### Exercise description
Locate the line containing "Hymn and Gospel" in the material below. Copy that line and all following lines through the end exactly, omitting any pictures.

### Recorded information
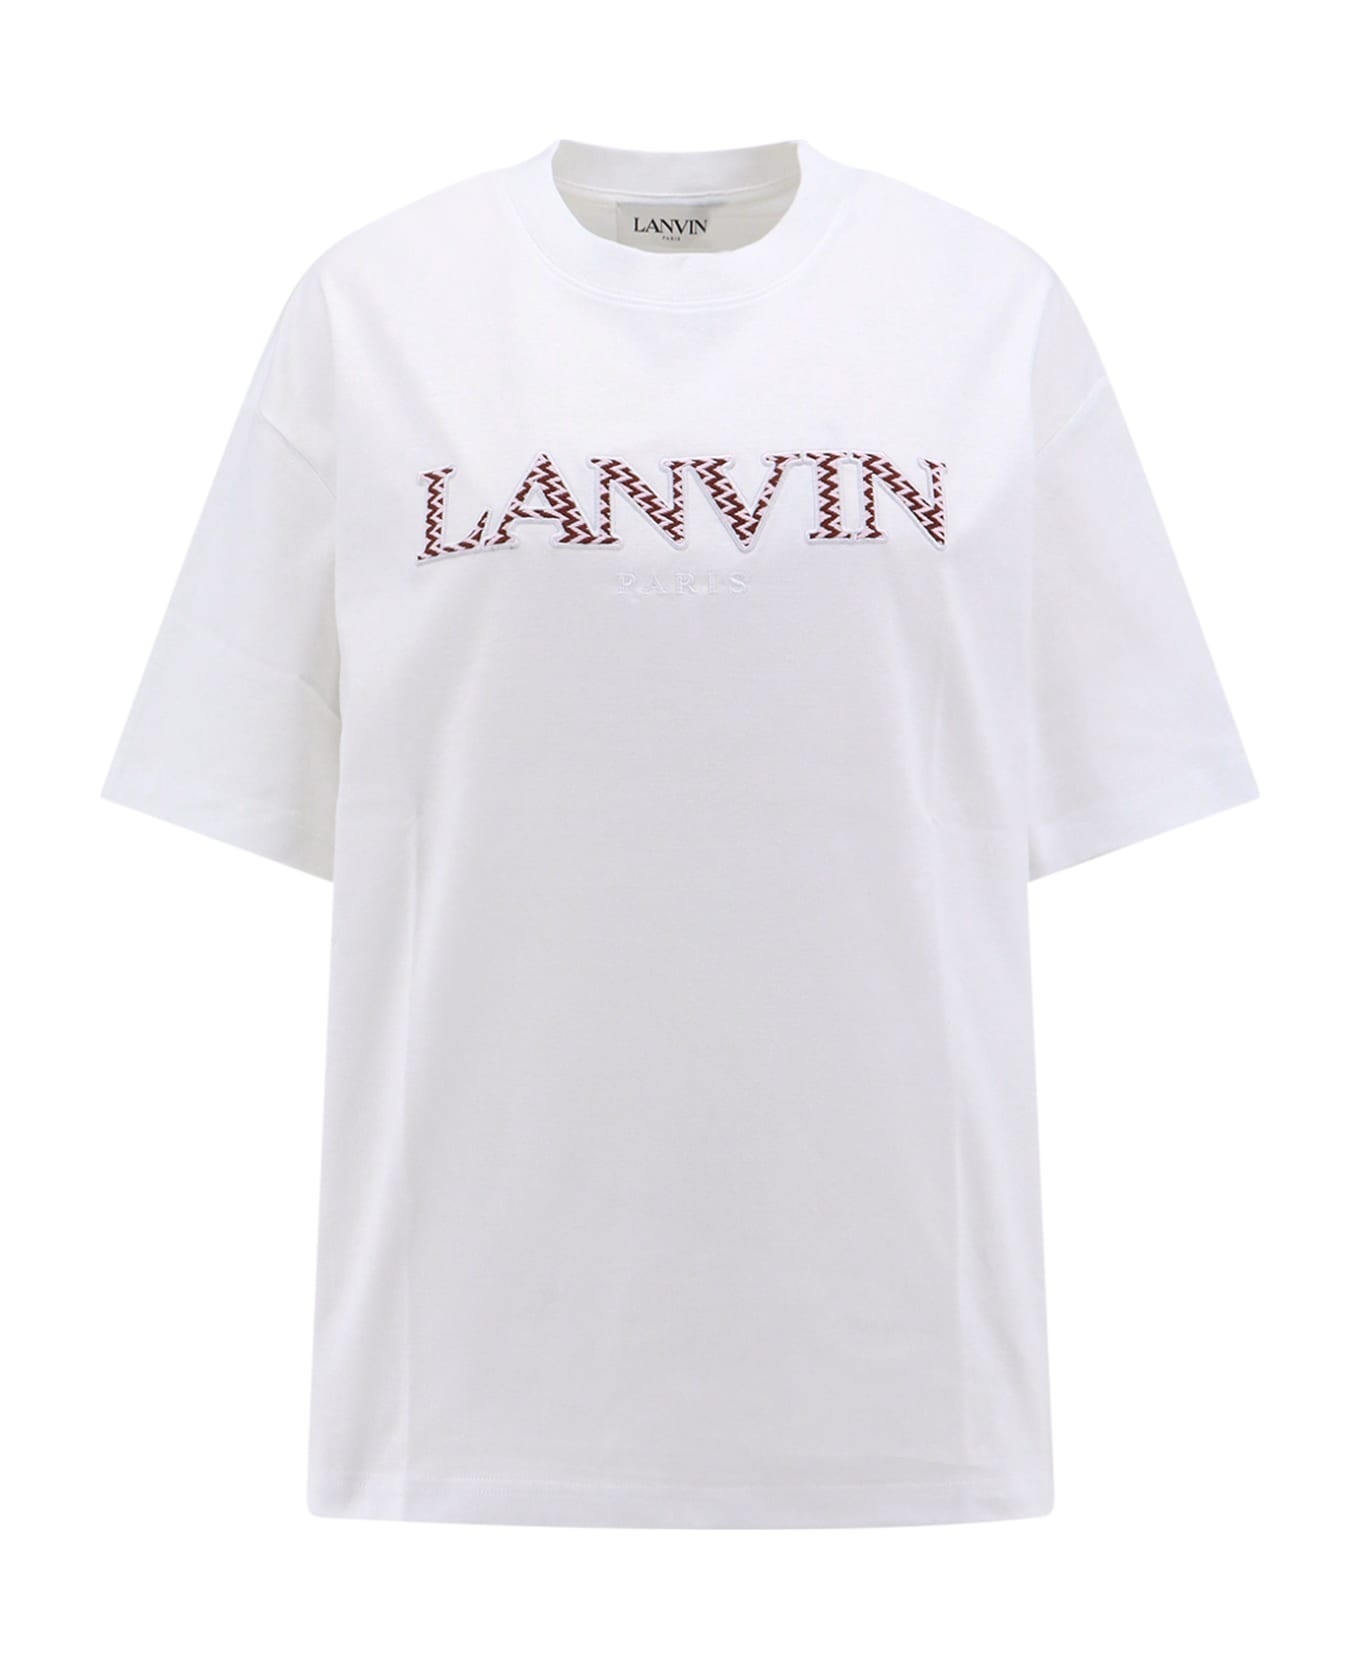 Lanvin T-shirt - White Tシャツ
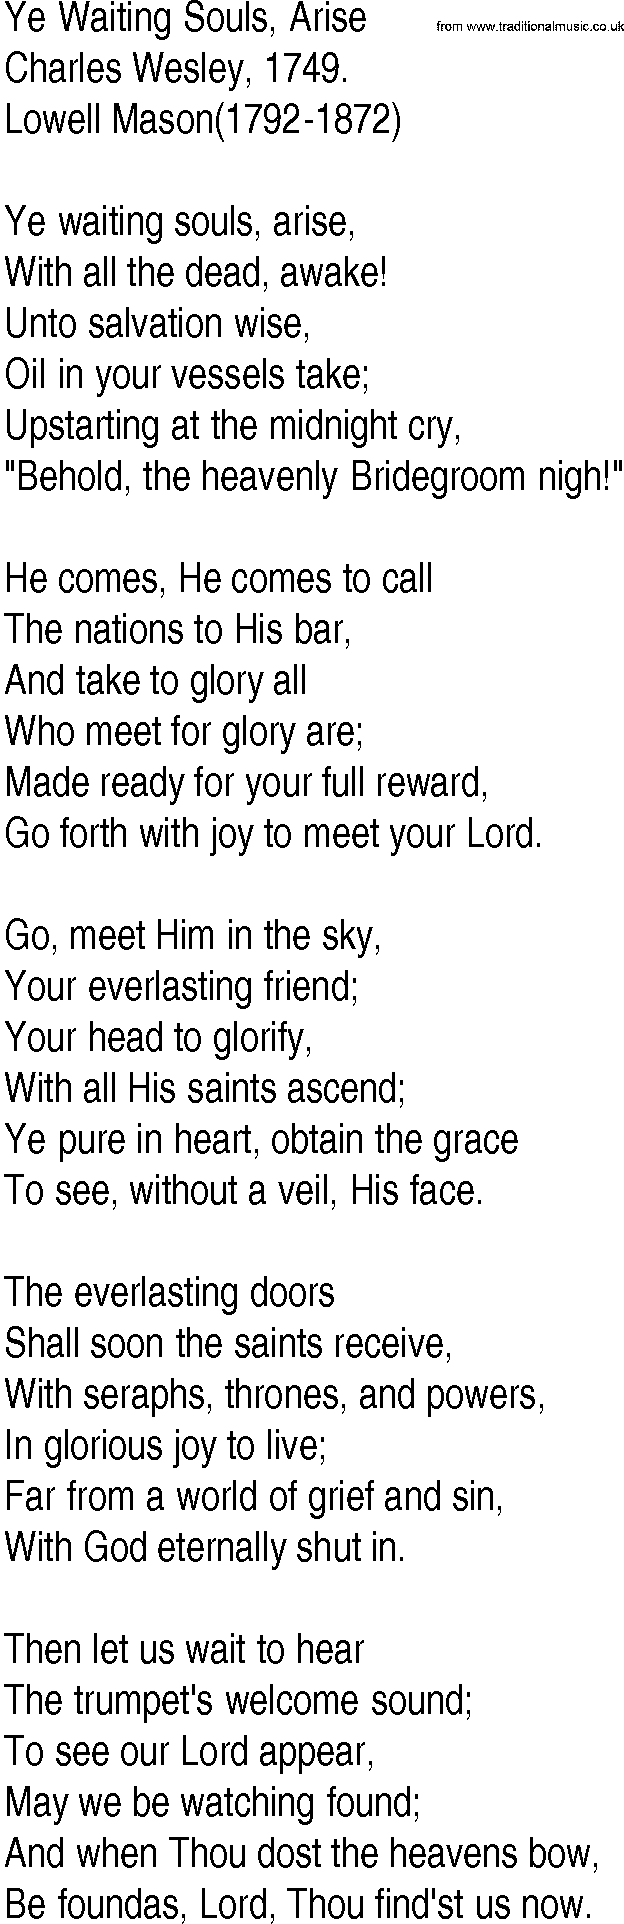 Hymn and Gospel Song: Ye Waiting Souls, Arise by Charles Wesley lyrics
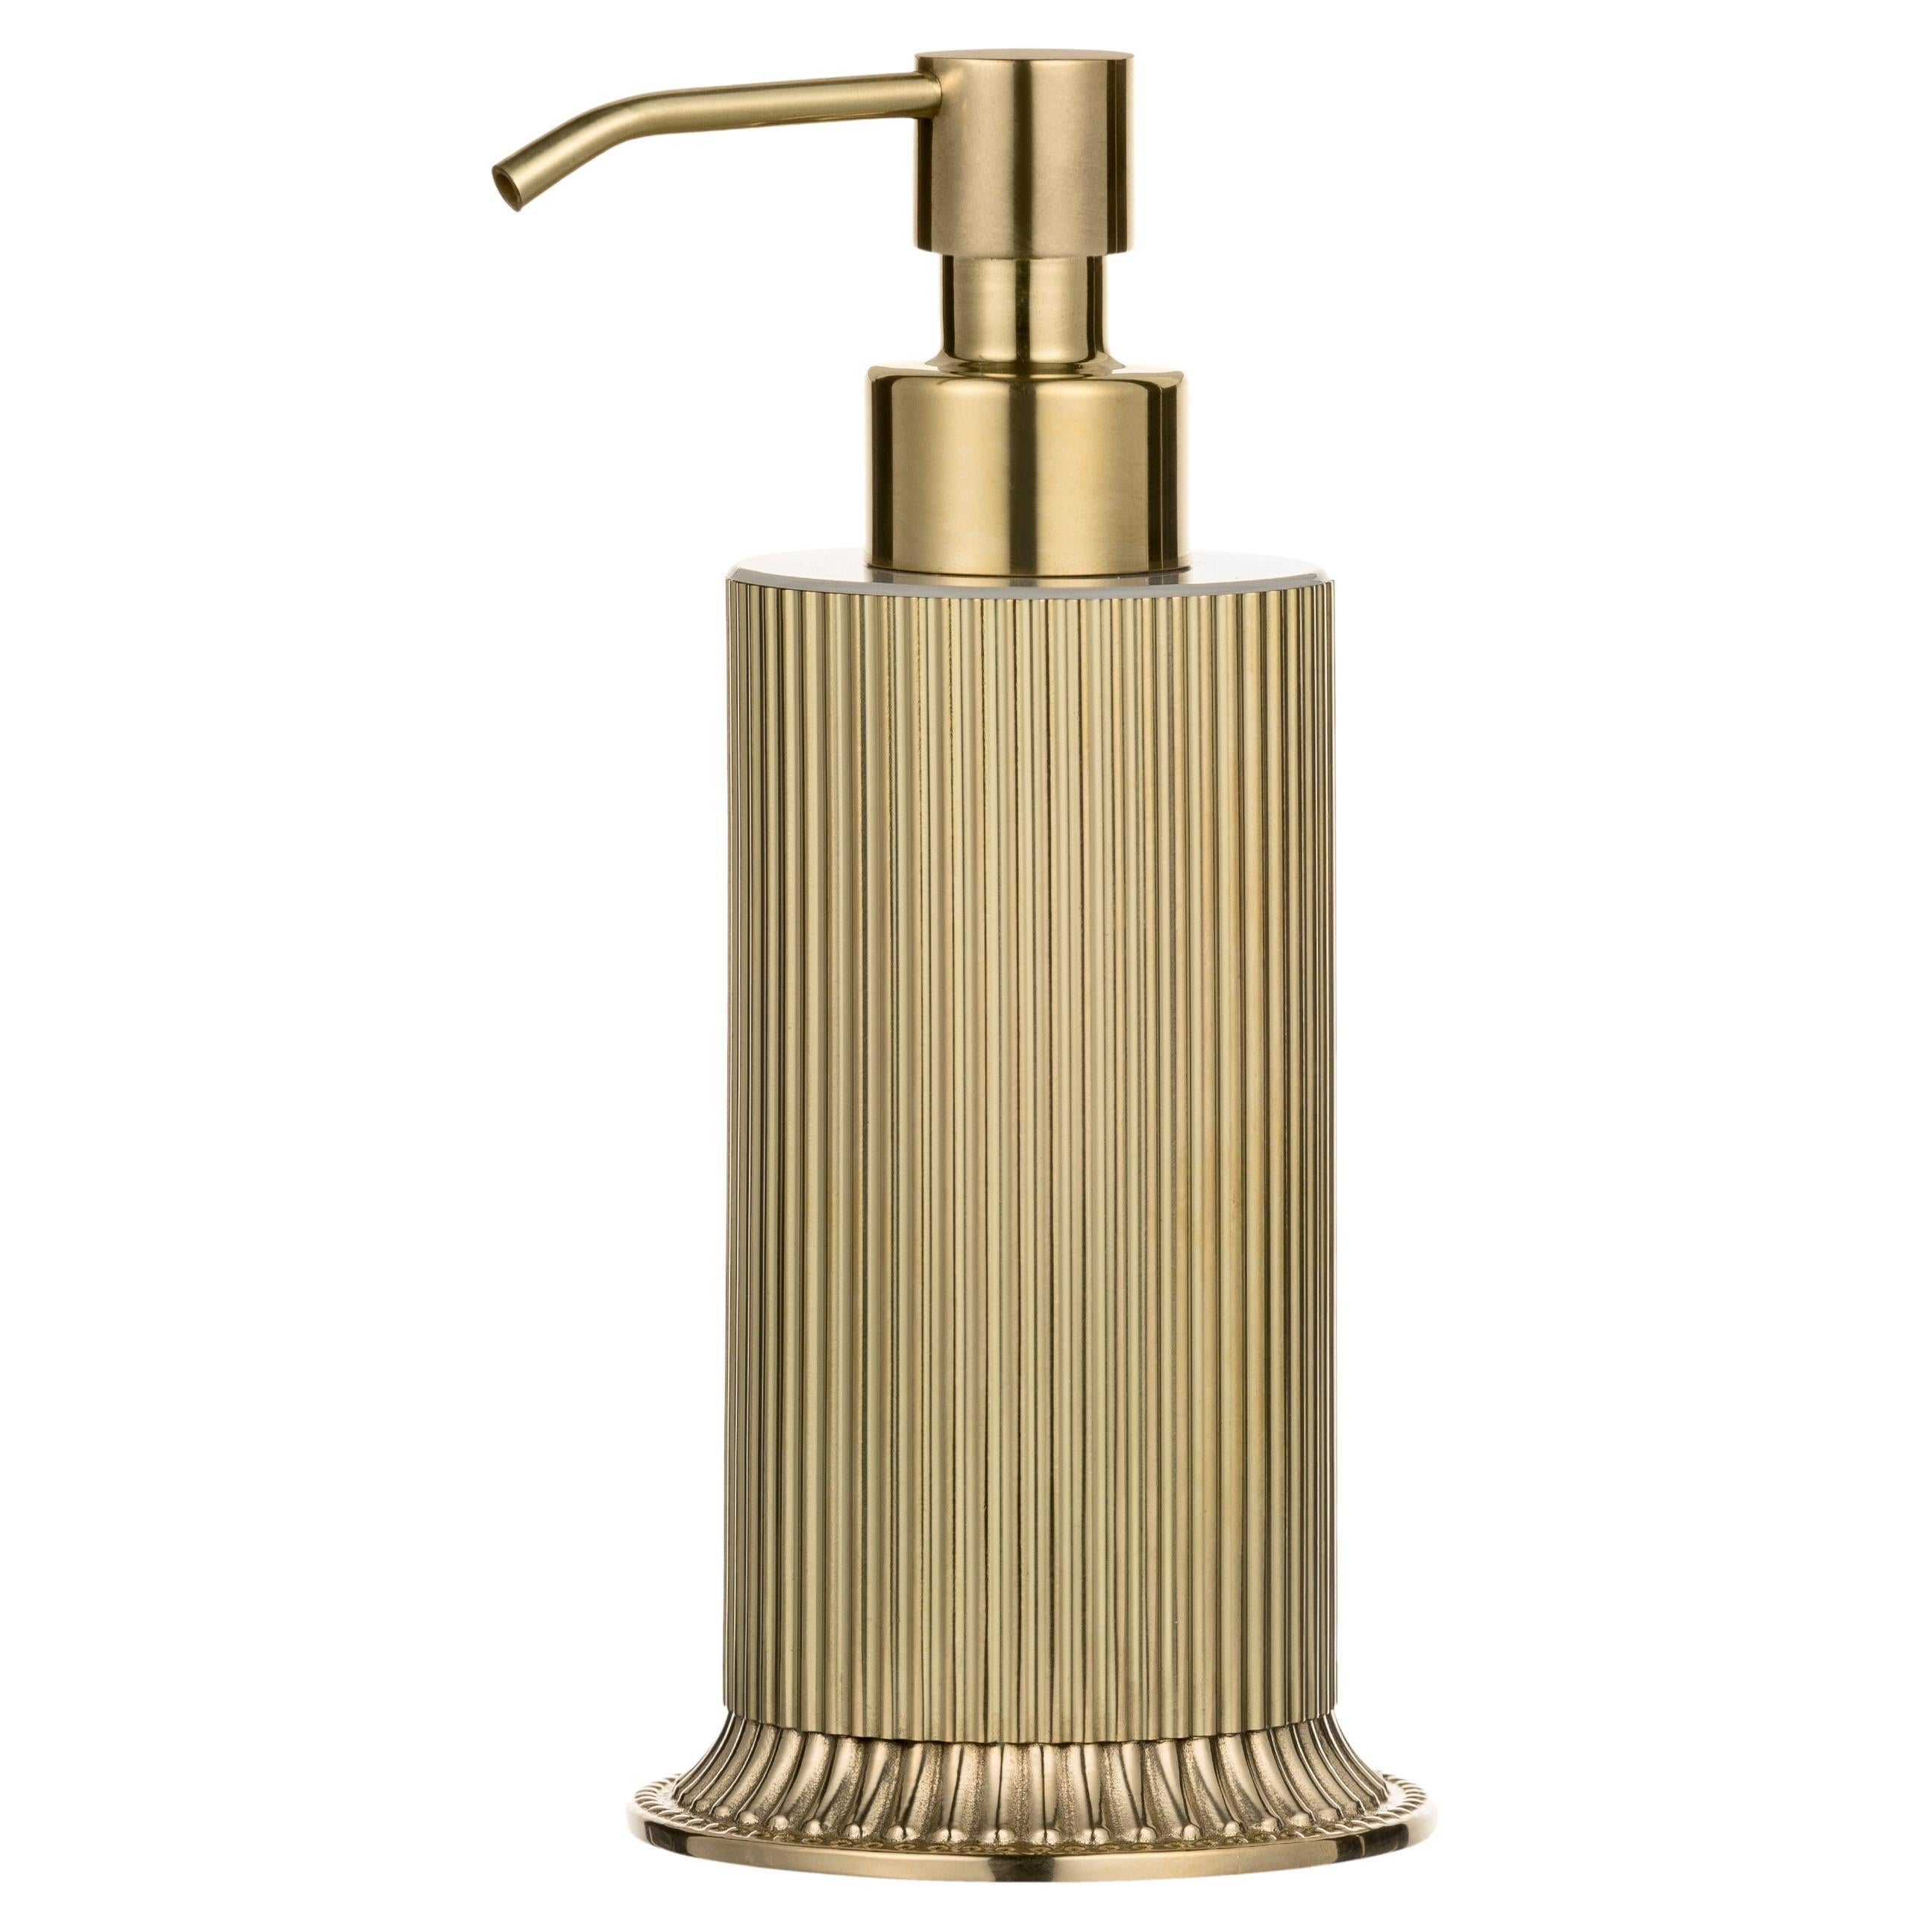 Striped brass soap dispenser For Sale

### Task output
 Hymn and Gospel Song: Ye Waiting Souls, Arise by Charles Wesley lyrics
 Striped brass soap dispenser For Sale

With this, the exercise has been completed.